Help: Water and air in inclined pipe

I looking for help with a water & gas flow problem.

water & air runs in an inclined pipe from point A to B.
At point A, P1=200psi, T1=180°F, Qwater=300gpm, Qgas=30ACFM.

Calculate Qwater (gpm), Qgas (ACFM) and Qgas (SCFM)at point 2 assuming P2=50psi and T2=175°F.

How would the calculation change if oil was used instead of water?

 

[johnp]

This is a Two-phase calculation. Computer software is available to solve the problem.

To solve it by manual/spreadsheet you have to take it step by step.

I assume that the pipe is falling, which means that the liquid is accellerating.

1 - Calculate the velocity of the fluid in the pipe using actual sectional area (with deduction for gas). Assume it is 100% full, and work out the friction loss in the usual way (use water or oil).

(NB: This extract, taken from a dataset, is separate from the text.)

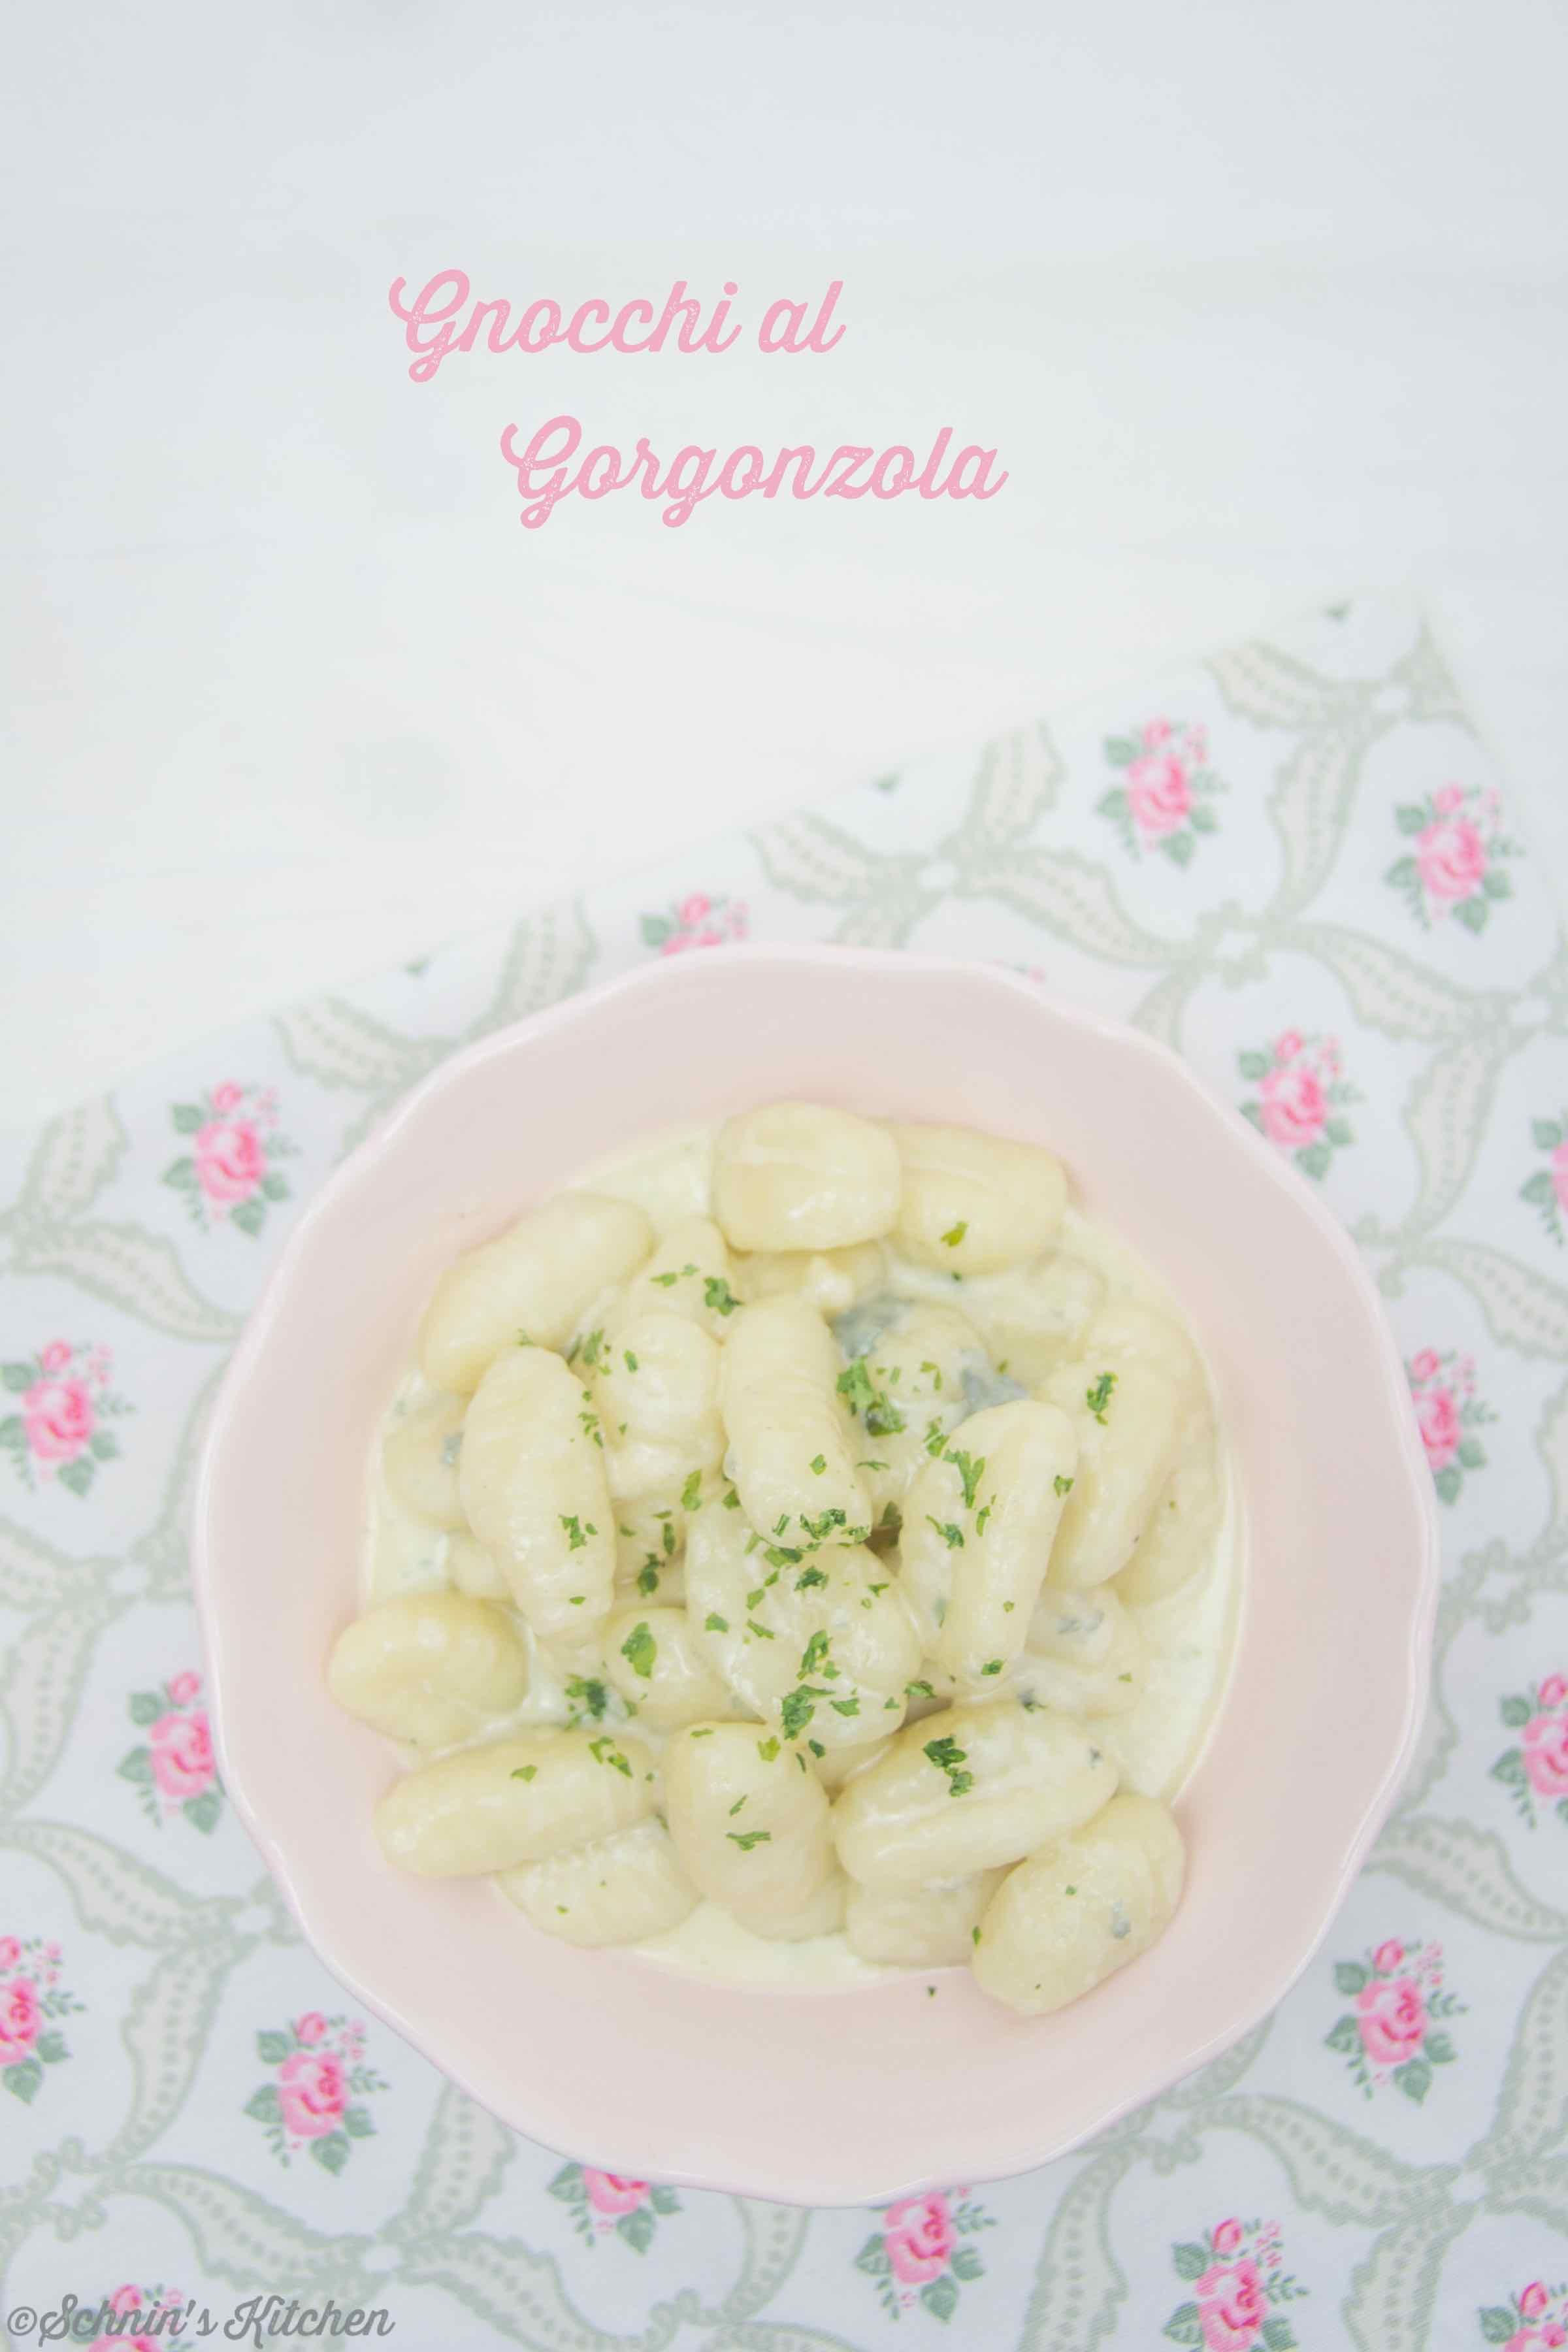 Schnin's Kitchen: Gnocchi al Gorgonzola

2 - Now go to the next point. At this head calculate the velocity of flow. That will give you a cross sectional area occupied by the fluid.

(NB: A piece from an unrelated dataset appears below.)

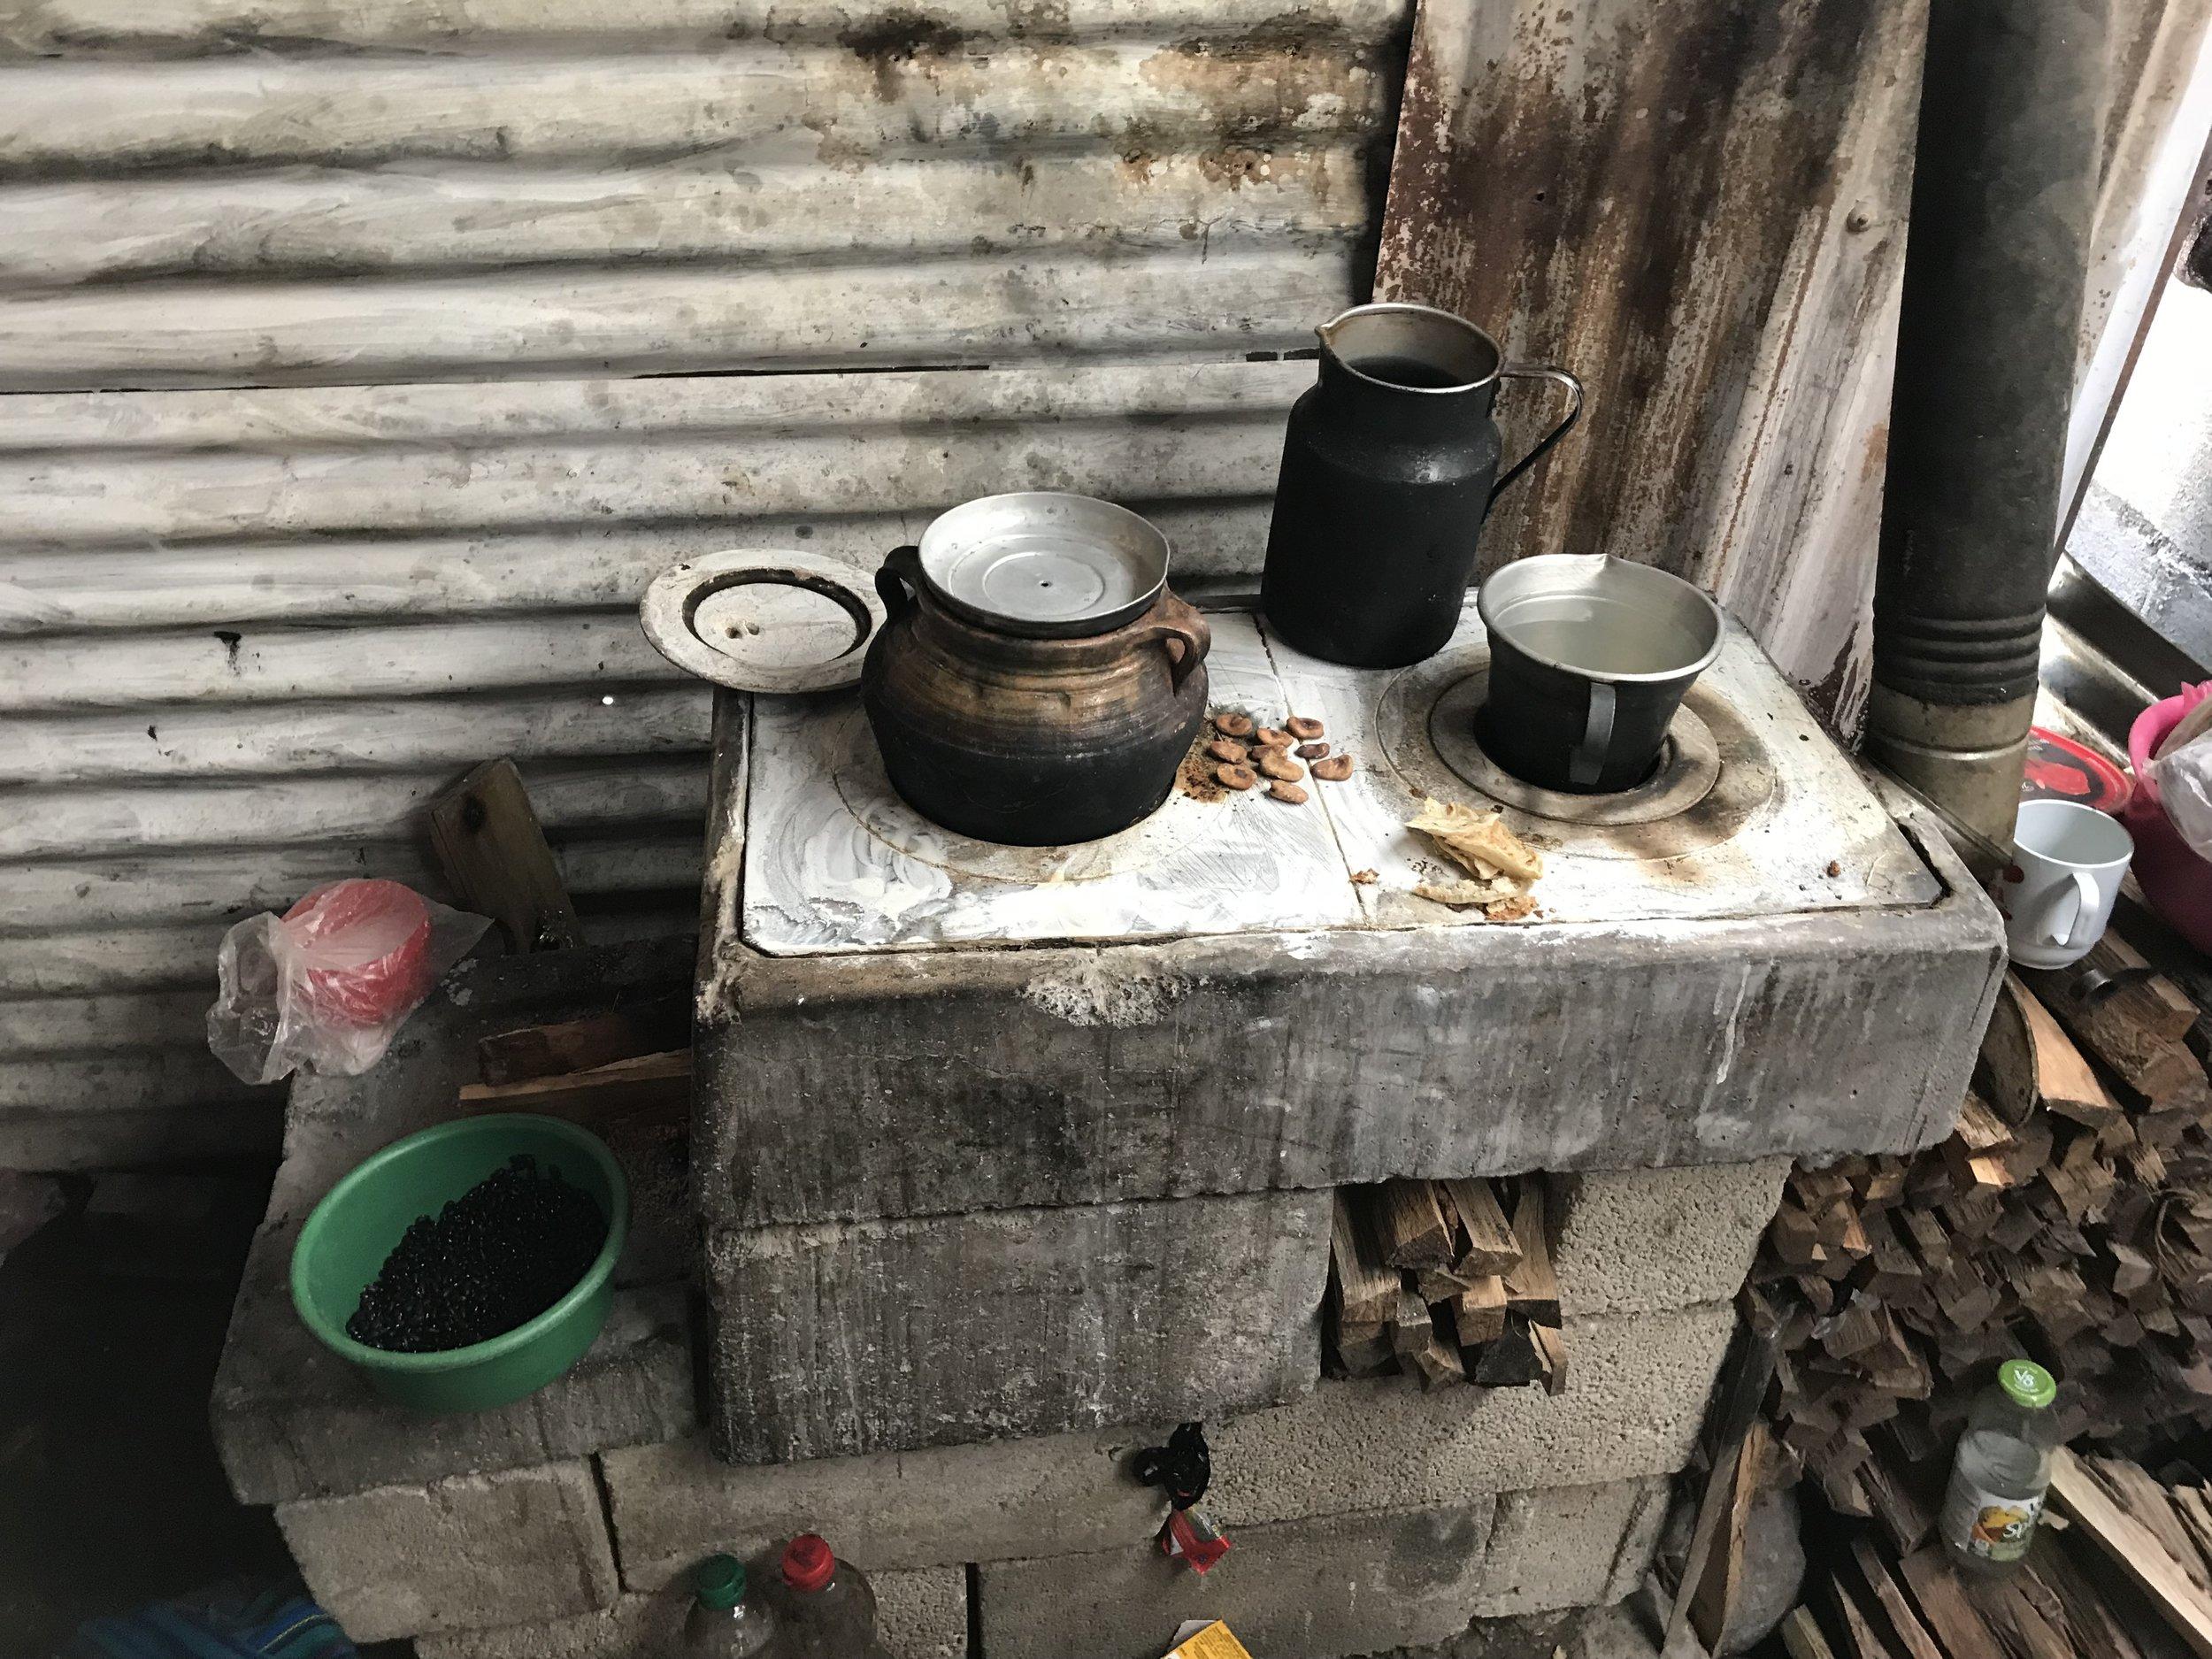 Older model wood burning stove

3 - Assume the pipe is 100% full and do the friction loss calculation.

4 - Calculate how much space is left in the pipe for gas, and check out its pressure and temperature at that volume.

5 - Repeat the calculation in steps until you come to the end.

I would guess that the gas will contribute very little to the overall pressure loss. But it will contribute a bit to accellerate the fluid flow.

I have seen some slick looking computer programs which do the same thing - small step by small step. You can do your calculation in 2 steps, or 10, or 100 if you like. It's the same Bernoullis equation each time, plus the Gas Laws.

The same technique is used when handling fluid with froth, or steam with condensate.

 

[johnp]

If you use oil instead of water not much will change in the liquid phase, but the vapour conditions will be quite different and affect the two-phase calculations.

Another problem you may encounter is choked flow, where the duct acts as a nozzle to limit the amount of flow which can get through. In that case you have to work from the upstream end until you reach the choked condition. Then go to the other end and work back. You won't have enough information to accuately predict what happens at the discontinuity in flow.

There is a pile of literature on Two-phase flow starting with:

G.B Wallis "One Dimensional Two-phase Flow" McGraw-Hill 1969

Some assume that the liquid and gas phases are intimately mixed and moving at the same velocity. Others assume that the liquid and gas phases are to some degree separate and moving at different velocities.

Alan Taylor datayler@ozemail.com.au has developped a computer program called FFDS which will do the two-phase calculation. I guess they could get one of their clients to run the calculation for you for about $US 500. If you are going to be a frequent user it may pay to buy a Two-Phase program.

 

[ChasBean1]

kevin, the parameters at Point 2 are: Qwater = 300 gpm and Qair = 34 acfm. Assume constant density of water, assume ideal gas for air.